At first glance, Rocketmen: The Axis of Evil might appear to be just another top-down shooter patterned after Robotron, Smash TV, or Geometry Wars. The mix of RPG elements, however, sets it apart.
You create your hero and then traverse the solar system through 10 different maps. The levels are mostly linear. There is some variation in terrain and secondary objectives to be completed, but otherwise, a couple branching paths in a couple levels can't save the game from being a linear experience. Throughout the game you'll be picking up weapons, shooting enemies, and otherwise blowing stuff apart to save the galaxy, gain experience, and upgrade your equipment (in order of importance). Primary controls are mapped to the thumbsticks: shooting with the right thumbstick and moving with the left. You can also deploy secondary weapons by making use of the triggers; left one cycles through available options, while the right one deploys the selected weapon or power-up.
The character customization may not be as deep as many RPG aficionados would like. You can create your own protagonist, male or female. You can also choose from interstellar species including: Mercurian, Venusian, or a rebel human. The classes aren't really well defined, but they provide your character with a different costume and a single attribute boost. Where it really shines is allowing you to reinvest your experience points into your attributes. Your shots will then become more powerful, your health meter will deplete slower with damage, and your speed will become fast enough to actually dodge enemy fire and make it through the many misadventures in which you may find yourself.
Rocketmen changes up the conventions of traditional action RPGs. Enemies don't drop instantly equippable loot, but rather drop different elements that represent currency. You can then cash in this currency to buy powerful gun upgrades, secondary weapons, or to stock power-ups. You can accumulate additional accoutrements by completing levels, either online or offline, as well as by cashing in your hard-earned carbon to purchase three tiers of increasingly attractive armor. Whereas the initial set of armor is modest in its coverage and appearance, the top-of-the line armor lives up to its designation: wicked. Though you can't do anything flashy with it, the armor certainly protects you from taking the full amount of damage from enemy weapons.

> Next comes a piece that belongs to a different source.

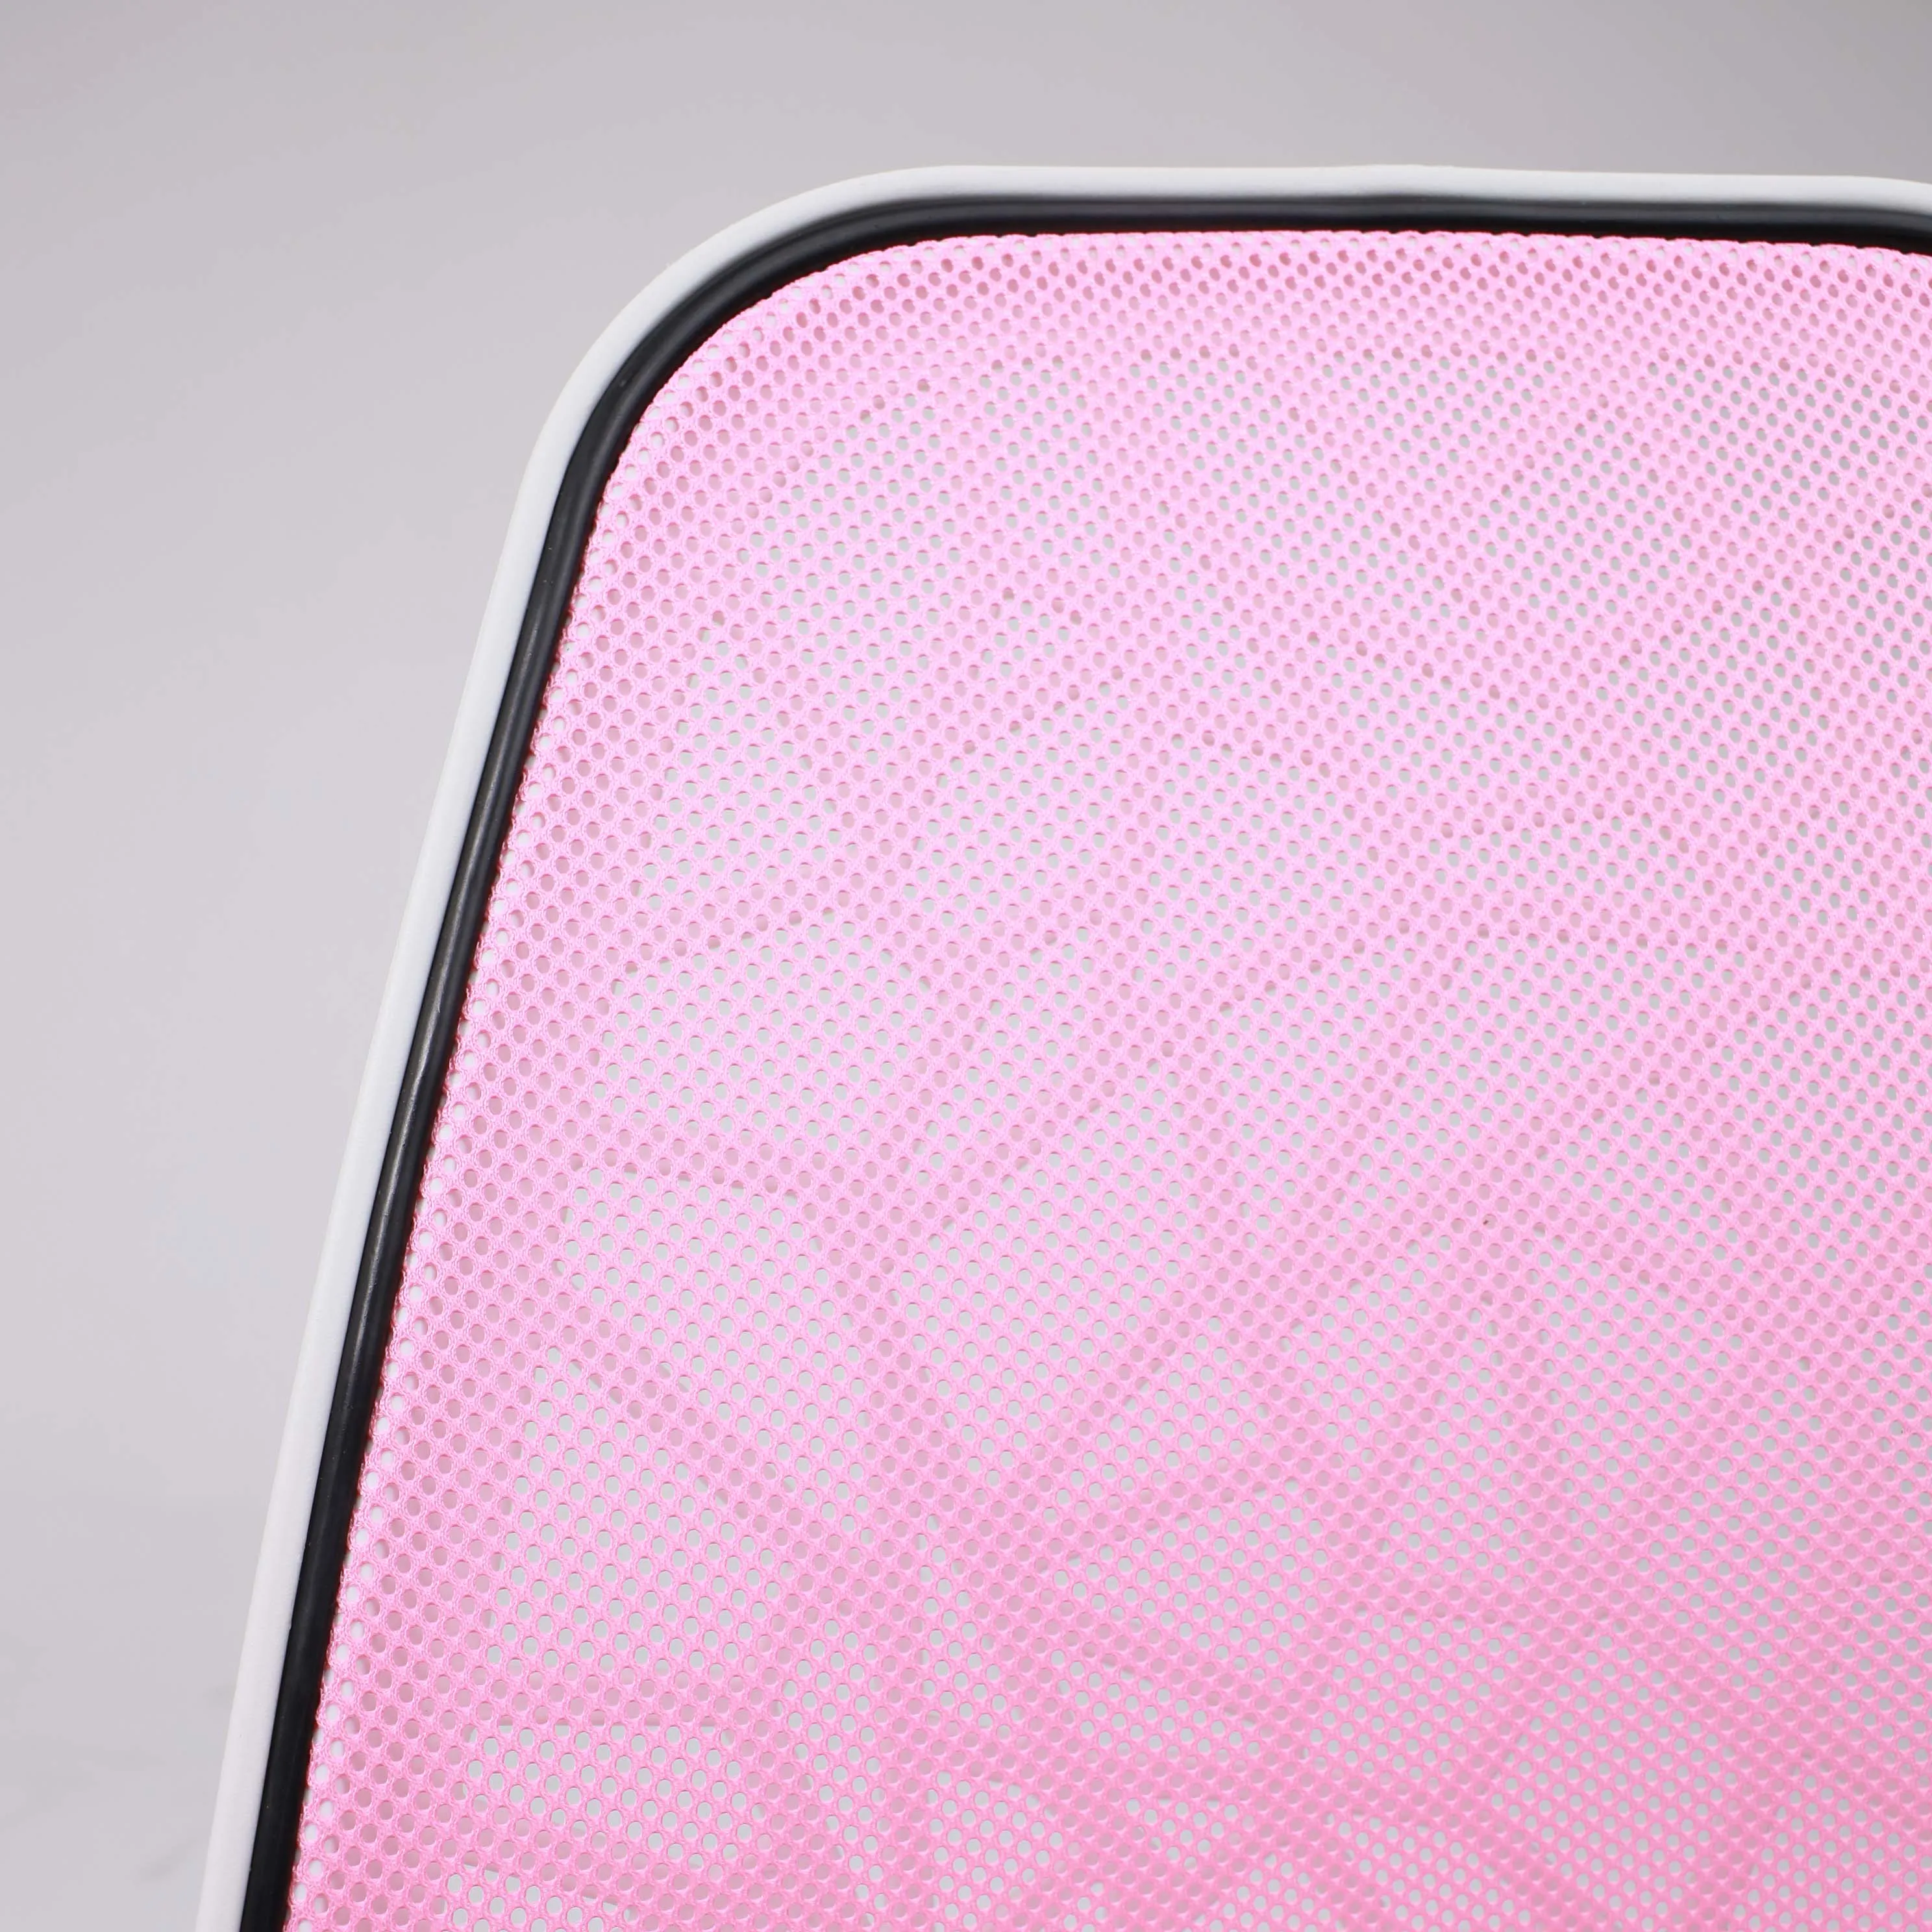 Кресло компьютерное детское CINEMA ткань розовый 102539

Rocketmen's visually appealing cutscenes are all rendered in-engine and employ a fun comic-book panel style, complete with dialogue bubbles and sound-effect lettering. It's just too bad that the writing comes across as overwrought. Though the concept of the Martians causing havoc in the solar system is not beyond belief, the cutscenes don't take enough time or make enough of an effort to help players understand who they are or to suitably establish the different factions' motivations. The writing is a bit too preoccupied with adding cinematic references, smarmy dialogue, and one-liners that make the characters too self-aware. For diehard fans of shooters who don't need a story to tie two levels together, this won't be much of a problem.
The voice acting in Rocketmen doesn't succeed in carrying you to another world. The Mercurians, Venusians, and Martians draw upon modern dialects and trite sci-fi camp to create a weak story of interstellar drama that pales in comparison to the levels of excitement found in even the 1981 remake of Flash Gordon. Many of the lines come across as stilted. In addition, some of the weapon sound effects are grating after a while.
The camera speed during gameplay is often a problem. As you play through the levels, the camera frequently scrolls too slowly after you've cleared the enemies but moves way too fast at times when you are trying to secure objectives on the edges of the screen. This results in preventing slower characters from saving prisoners, unlocking control panels, or otherwise completing secondary objectives. During online play, the problem is only exacerbated. The way the levels pan may end up leaving you unable to get at an objective or trapped behind a wall, which forces other players to move on without you. We played many times with up to three other random participants and these issues are not isolated. Players frequently got stuck, failed to be able to respawn, or had to drop out because the level became a completely unplayable slide show. Although this didn't happen every time, the problem happened often enough to make any player wary of venturing into the online campaign.
Rocketmen's campaign shouldn't take the average player more than 3 hours to complete, which makes the $10 price tag seem a bit steep, particularly when upward of 30 minutes of that time is spent in supremely campy cutscenes. After finishing on normal difficulty, there's really no compelling reason to play more. The online experience is inconsistent, buggy, and difficult to enjoy even if you have three friends willing to play. And truth be told, it is just the single-player game all over again. Despite Rocketmen's great visuals and its decent RPG system, the inherent faults of the game keep it from being recommendable to anybody but the most dedicated of shooter fans.